Behind his glasses, Cleaver's eyes gleamed. He might as well have traced hearts on frozen glass with a fingertip. He was a man in love. Perhaps for the first time. A late, great, literally all-consuming love.
Derek Leech, who rarely made the mistake of explaining his evil plans at length, had missed the point when he funded Cleaver's research. That alarmed Richard — Leech might be many things, but he was not easily fooled. Cleaver came across as a ranting, immature idiot with a freak IQ, but had serious connections. If anything could trump a Great Enchanter, it was the Cold.

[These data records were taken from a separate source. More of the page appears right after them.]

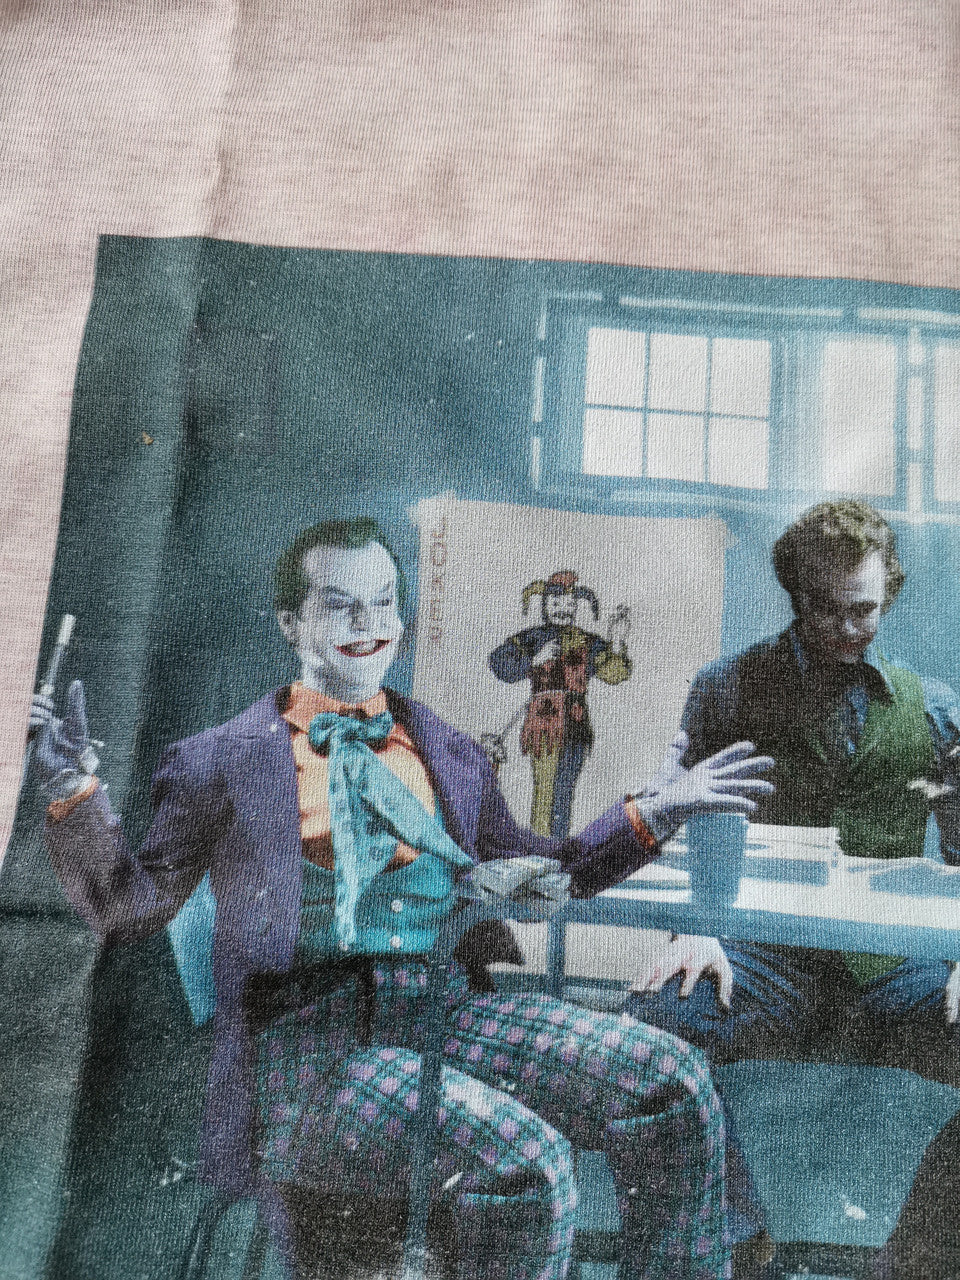 NEW: 4 Jokers Meeting KiSS T-Shirt - Heath Ledger - Edit - Jack Nicholson Jared Leto Joaquin Pheonix Dark Knight - Present - Joker
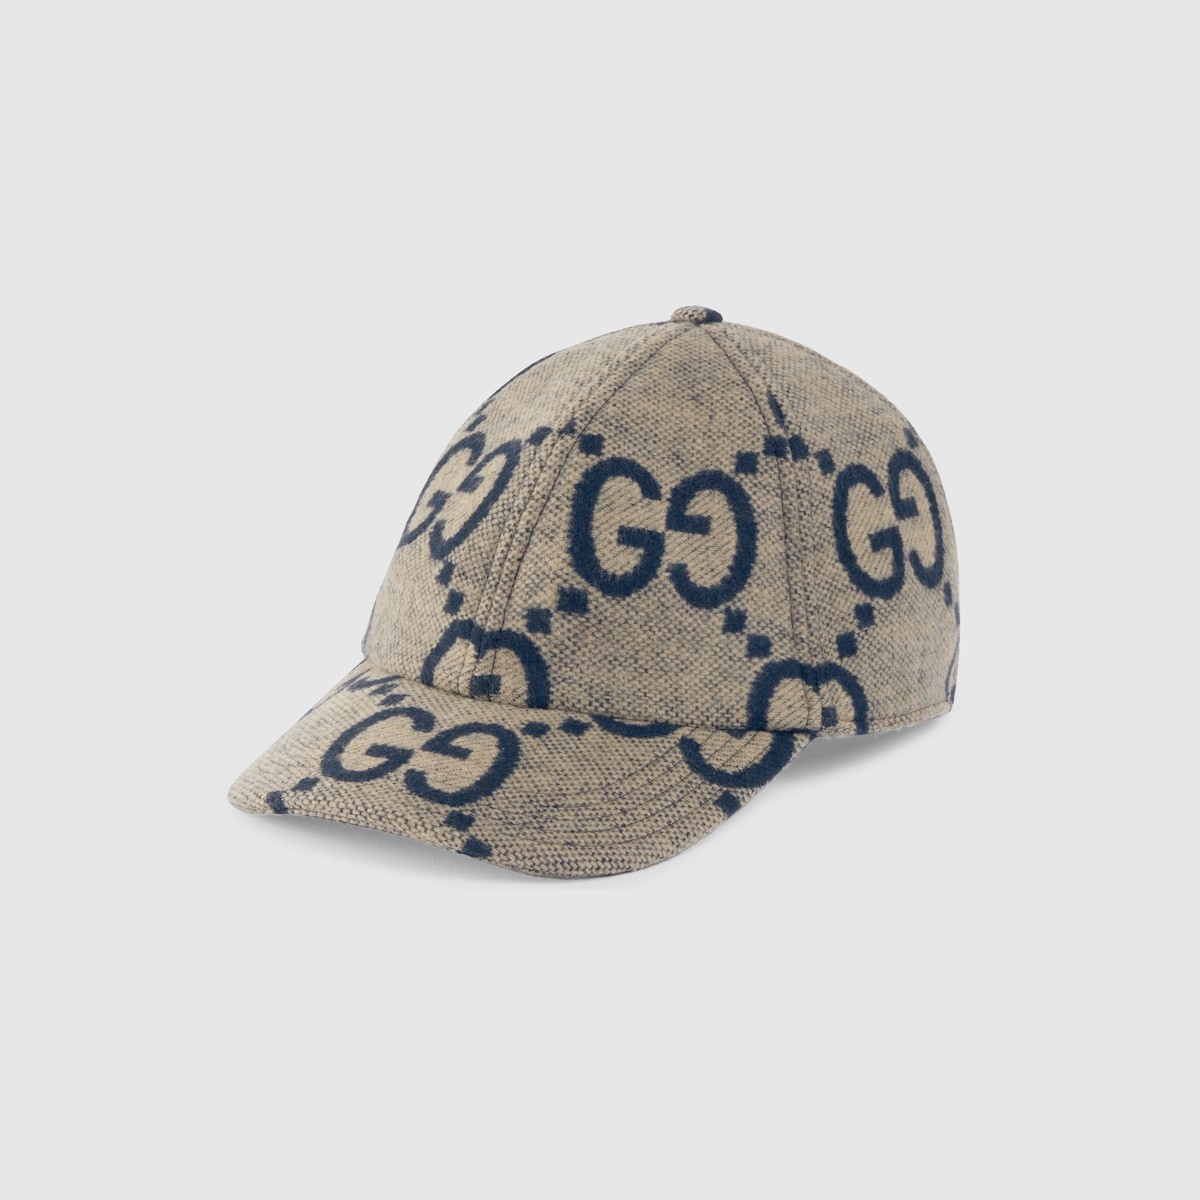 Jumbo GG wool baseball hat - 1
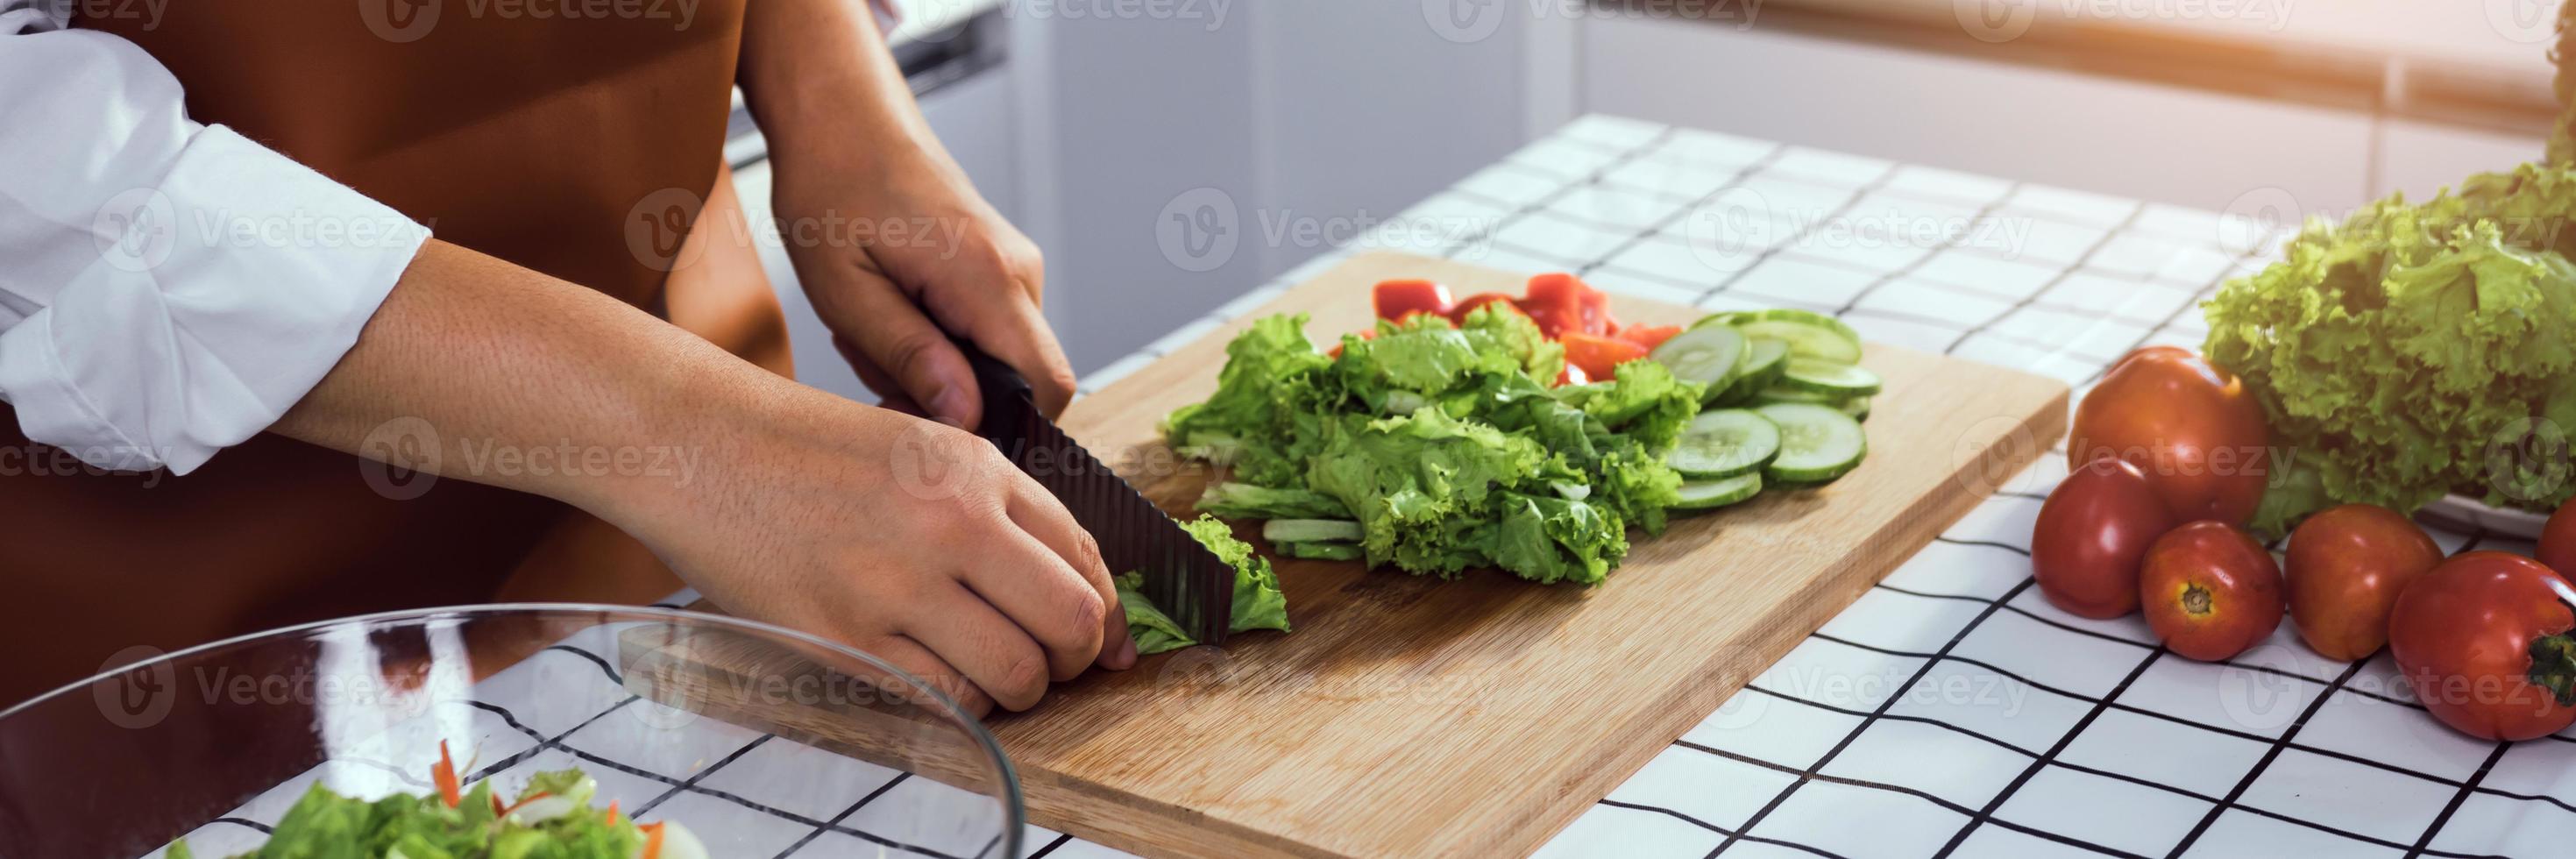 asiatisk kvinna använder en kniv för att skära salladsgrönsakerna i köket. foto

"The Cold was here first," continued Cleaver. "Before the dawn of man, she weigned over evewything. She was the planet's first evolved intelligence, a giant bwain consisting of a near-infinite number of ice cwystals. A gweat white blanket, sewene and undying. When the glaciers weceded, she went to her west. She hid in a place out of weach until now. Humanity is just a blip. She'd have come back eventually, even without me. She was not dead, but only sleeping."
"Lot of that about," said Leech. "King Arthur, Barbarossa, Great Cthulhu, the terracotta warriors, Gary Glitter. They'll all be back."
Cleaver sputtered with anger. He didn't like being interrupted when he was rhapsodizing.
"You won't laugh when blood fweezes in your veins, Mr Leech. When your eyes pop out on ice-stalks."
Leech flapped his arms and contorted his face in mock panic.
"How many apocalypses have come and gone and fizzled in this century, Jeperson?" Leech asked, airily. "Four? Five? Worm War, Wizard War, Water War, Weird War, World War… and that's not counting Princess Cuckoo of Faerie, Little Rosie Farrar as the Whore of Babylon, the Scotch Streak and the Go-Codes, the Seamouth Warp, six alien invasions counting two the Diogenes Club doesn't think I know about, two of my youthful indiscretions you don't think I know you know about, and the ongoing Duel of the Seven Stars."